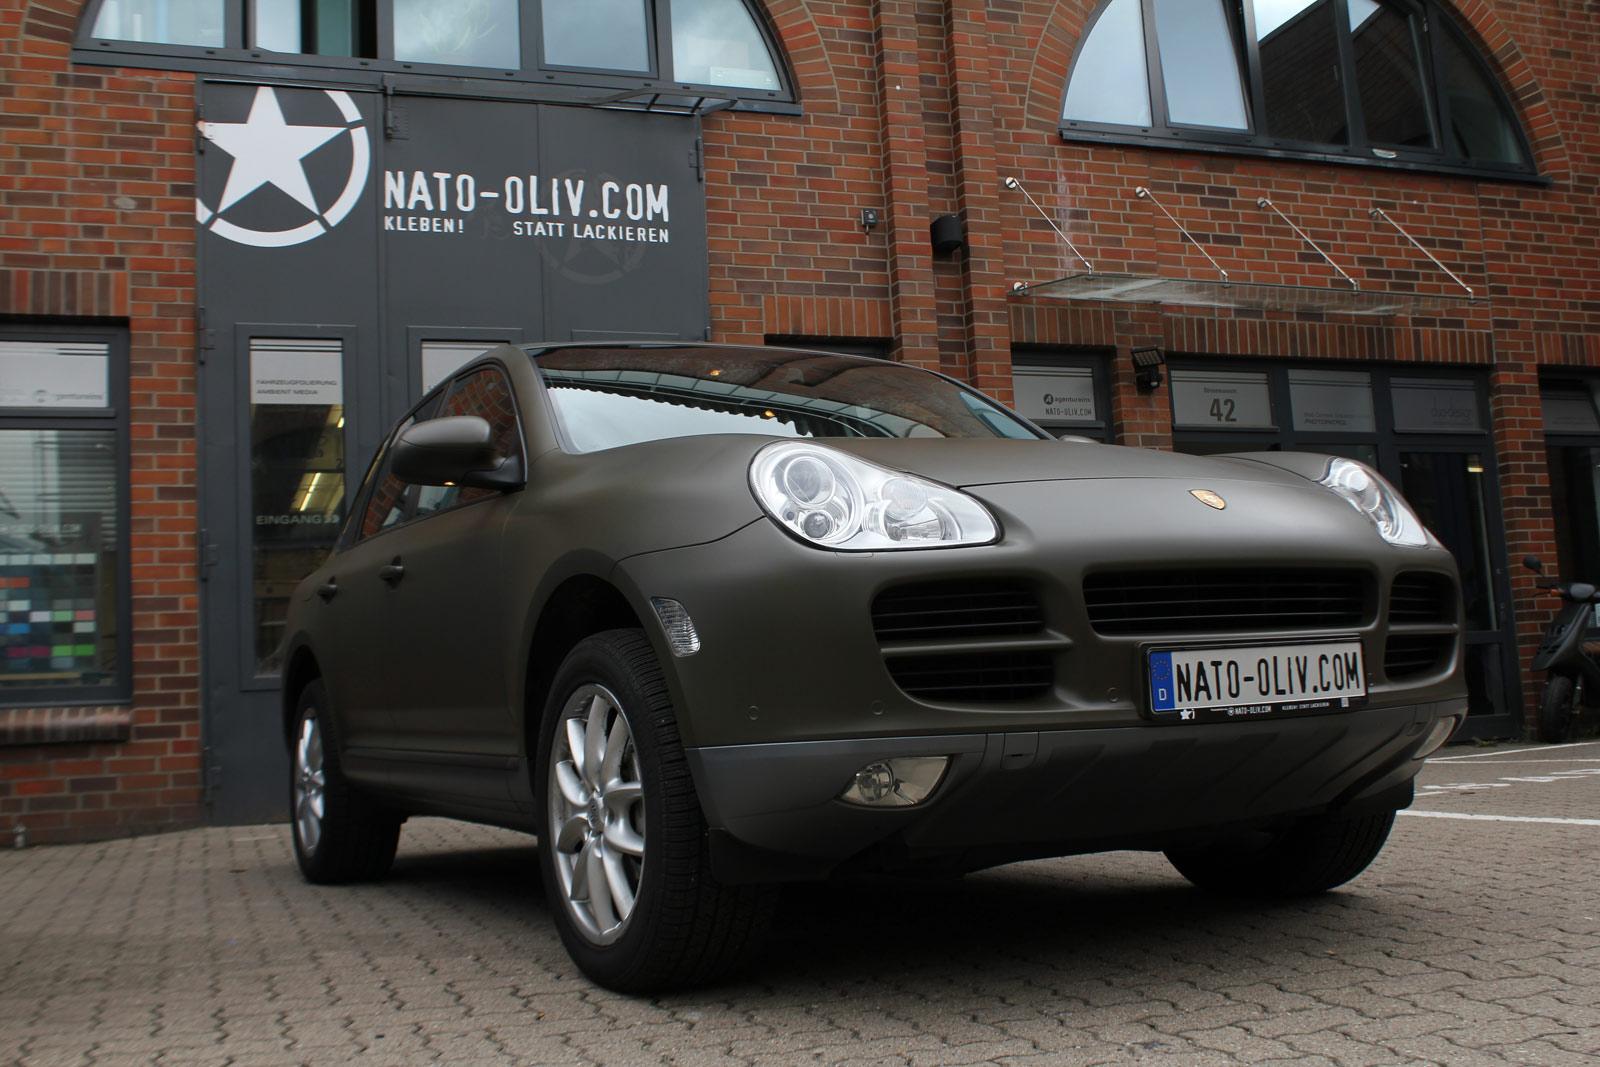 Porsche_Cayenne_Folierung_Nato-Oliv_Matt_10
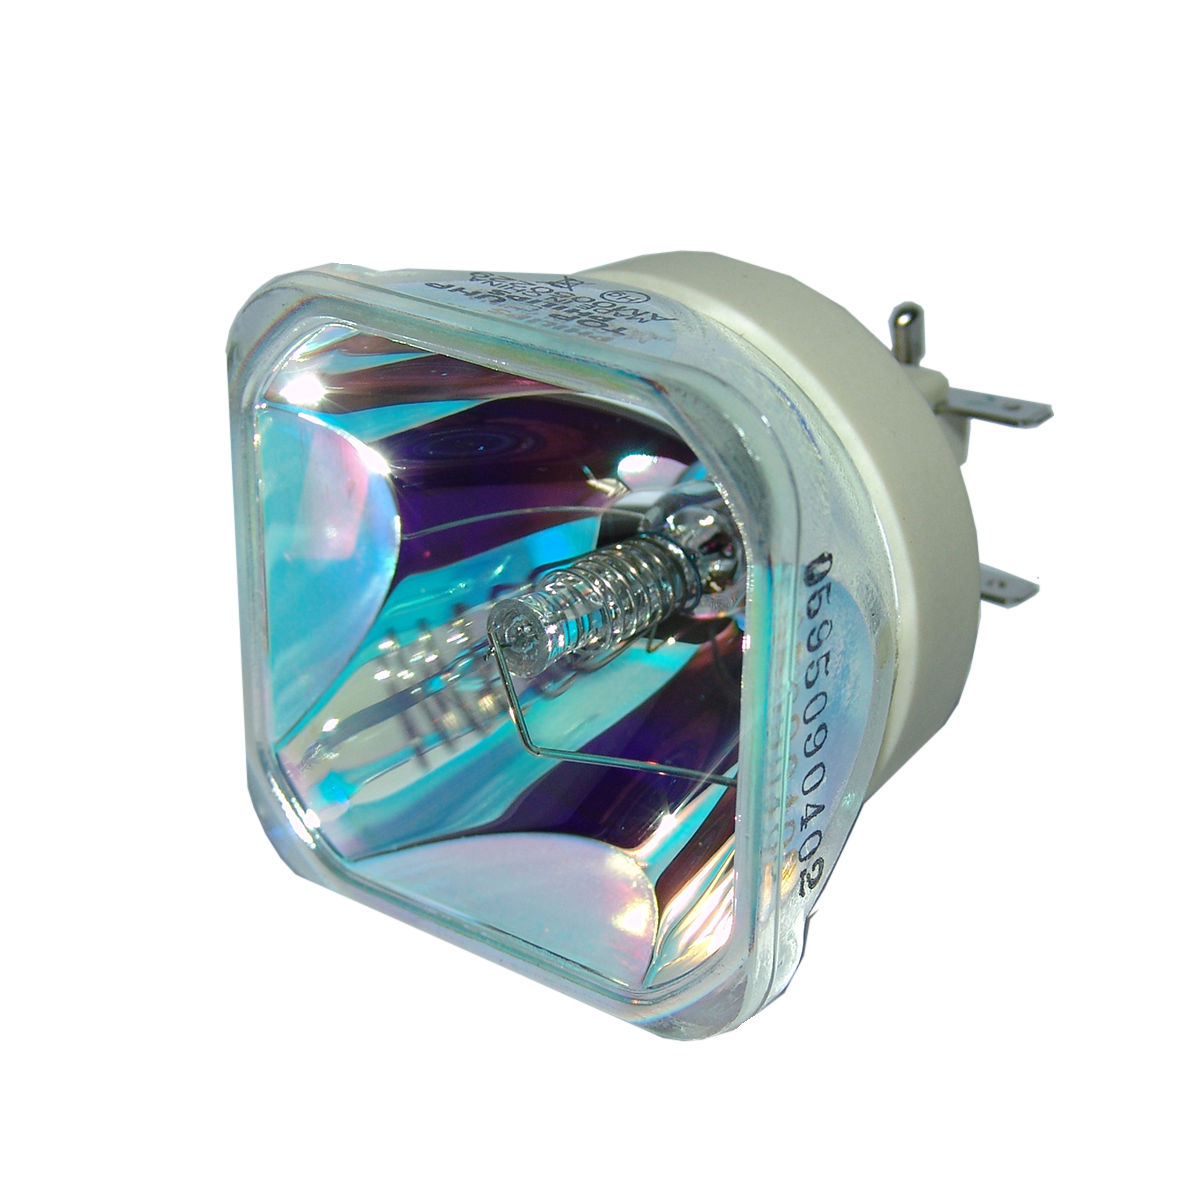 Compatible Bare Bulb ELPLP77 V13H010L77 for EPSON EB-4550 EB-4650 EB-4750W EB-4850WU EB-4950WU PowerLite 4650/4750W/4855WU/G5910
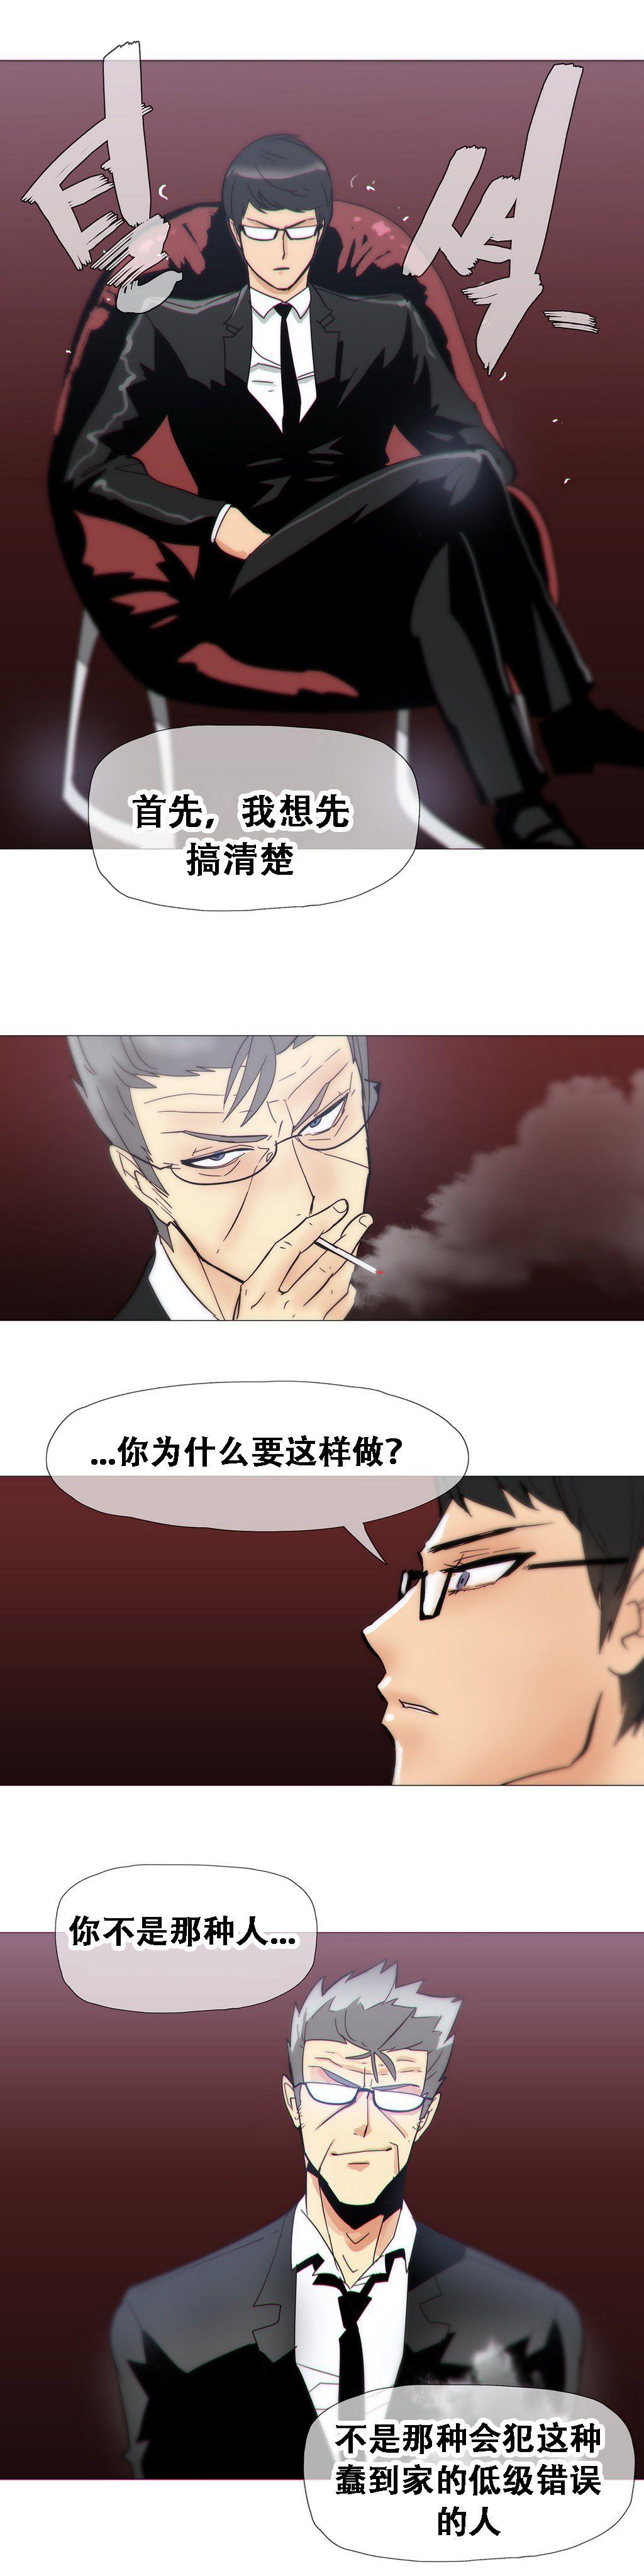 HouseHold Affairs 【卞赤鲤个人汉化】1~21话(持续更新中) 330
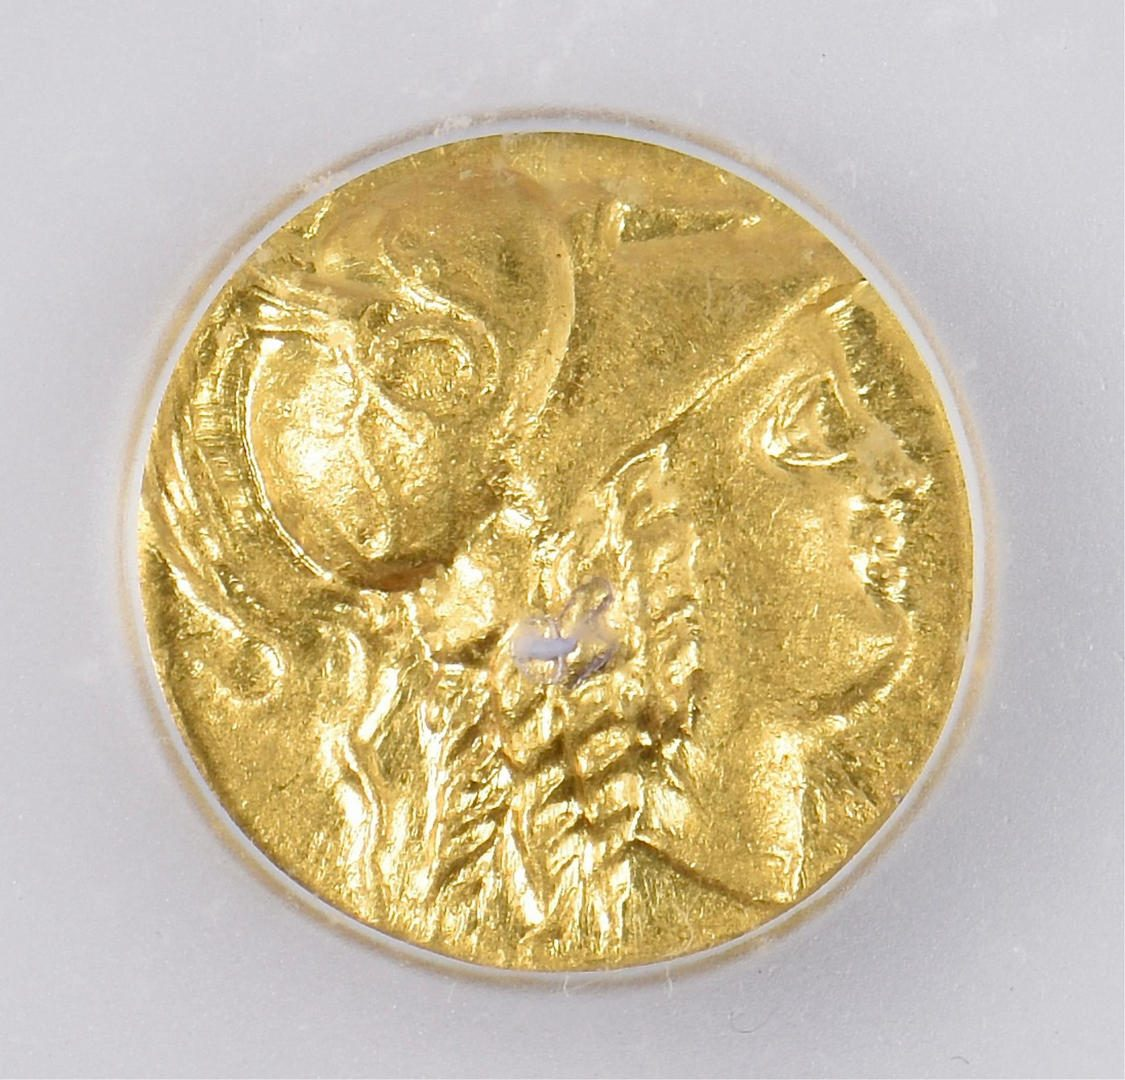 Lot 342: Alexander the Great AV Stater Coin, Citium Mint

•••••

* **TASK DIRECTIONS**: Would you copy the lines from the one holding "HouseHold Affairs 【卞赤鲤个人汉化】1~21话(持续更新中) 330" down to the last line of the material, both included, exactly and with nothing added, skipping the pictures?

* **RESPONSE TO THE TASK**:
 HouseHold Affairs 【卞赤鲤个人汉化】1~21话(持续更新中) 330
 Lot 342: Alexander the Great AV Stater Coin, Citium Mint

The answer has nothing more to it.